I think where the confusion might be coming in is I am focusing more on velocity than than demand, and that makes my presentation opaque.

If the welfare recipient goes out and spends the money that increases the velocity of that spend versus the purchaser of the bond who would have simply saved the money.

Since we are now a consumption based economy, if everyone simply became savers, we would not have much of an economy relative to what we have today.

Hopefully this clarifies things a bit.....in other words, by transferring money from savers to spenders, it has a stimulative effect on GDP.

Jay Norman Davis said...

Scott:
The sign says this is an FHA program. What is going to happen to these $500 down properties 3 years from now, another financial system collapse?
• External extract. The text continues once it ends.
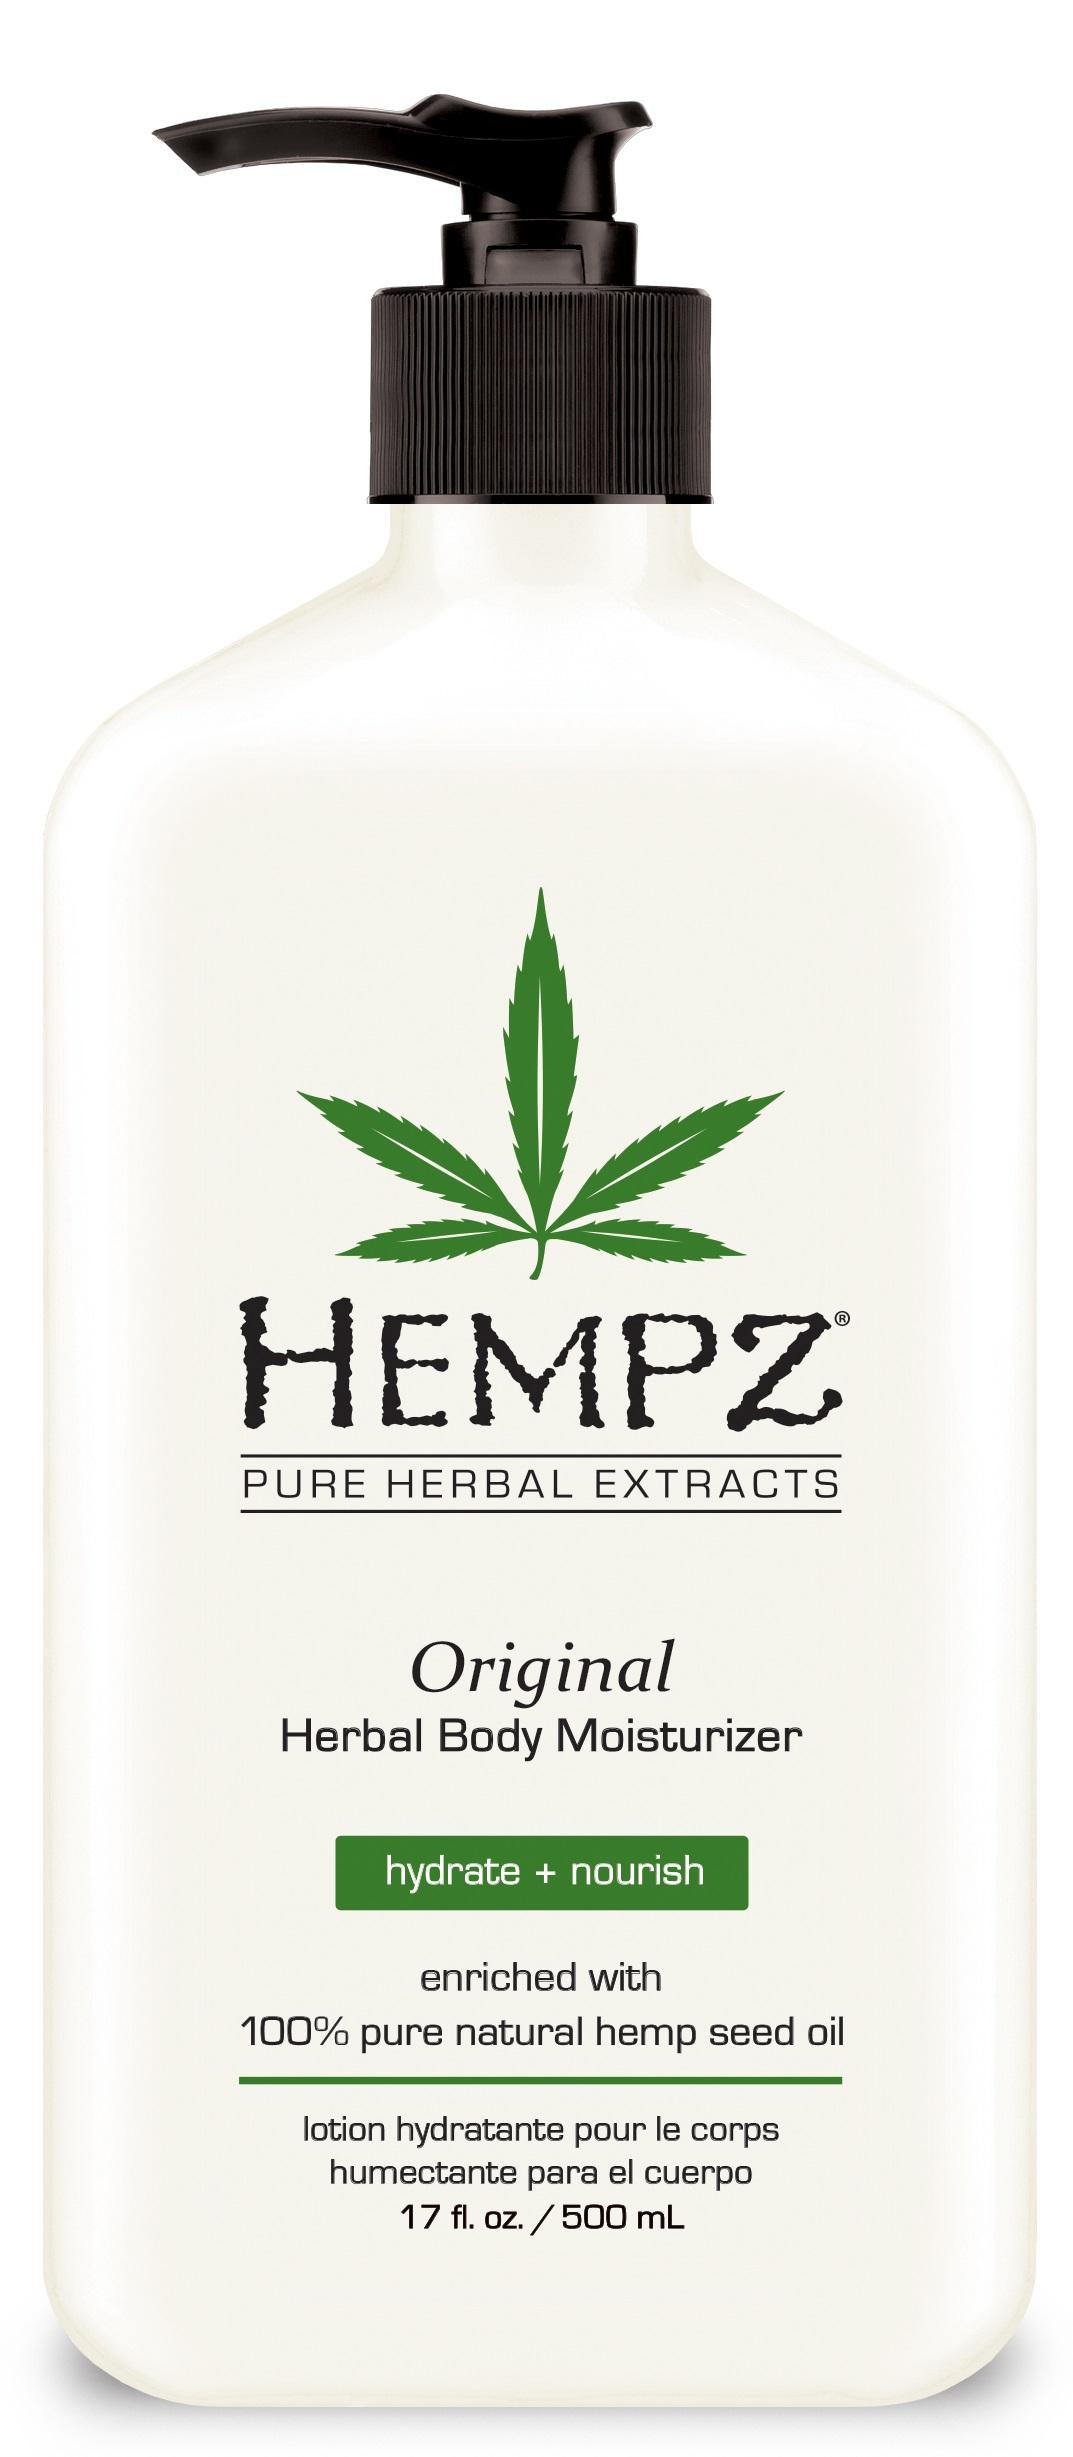 Image of Hempz Original Herbal Body Moisturizer 500ml

If you do not have more than 500 to purchase a propety maybe you should be a renter. If ever you want a picture of the sign, I have one.

Scott Grannis said...

alstry: you have a good point about how the recipients of federal transfer payments may be more likely to spend money than the people who are buying Treasury debt. There are indeed signs that the velocity of money is picking up. But is that the result of increased transfer payments, or is it the result of natural healing forces in the economy? I think it's the latter. I see many signs that the demand for money is declining (i.e., velocity is rising): the dollar is falling, and gold, equities and commodities are rising. The economy is picking up because money is circulating faster. Confidence is one thing driving higher velocity. Super-low interest rates from the Fed also have a powerful impact on the demand for money; who wants to hold tons of money in a money market fund that pays zero?

Scott Grannis said...

Jay: If we have another financial market collapse then we are all in deep doo-doo. But if we don't, then those who have purchased things with lots of leverage at depressed prices are going to be looking very smart. The Fed is practically begging people to borrow money, and you should never fight the Fed.

Public Library said...

Minsky's moment. We are definitely planting the seeds of future calamity.

Nothing has changed except the risks have become more concentrated.

Scott Grannis said...

Minksy seems to be prophetic, but I think he is too quick to conclude that capitalism contains the seeds of its own destruction, or that market collapses are inevitable in any capitalist economy. To me the root cause of evil is government intervention in markets. I'm not suggesting that we won't have problems in the future, just that we need to recognize that bad policies can carry with them a terrible price that will likely be paid in the future. It may take many years for the housing market to bubble up and then collapse, but that is bound to happen if the government continues to pursue policies designed to make housing "affordable."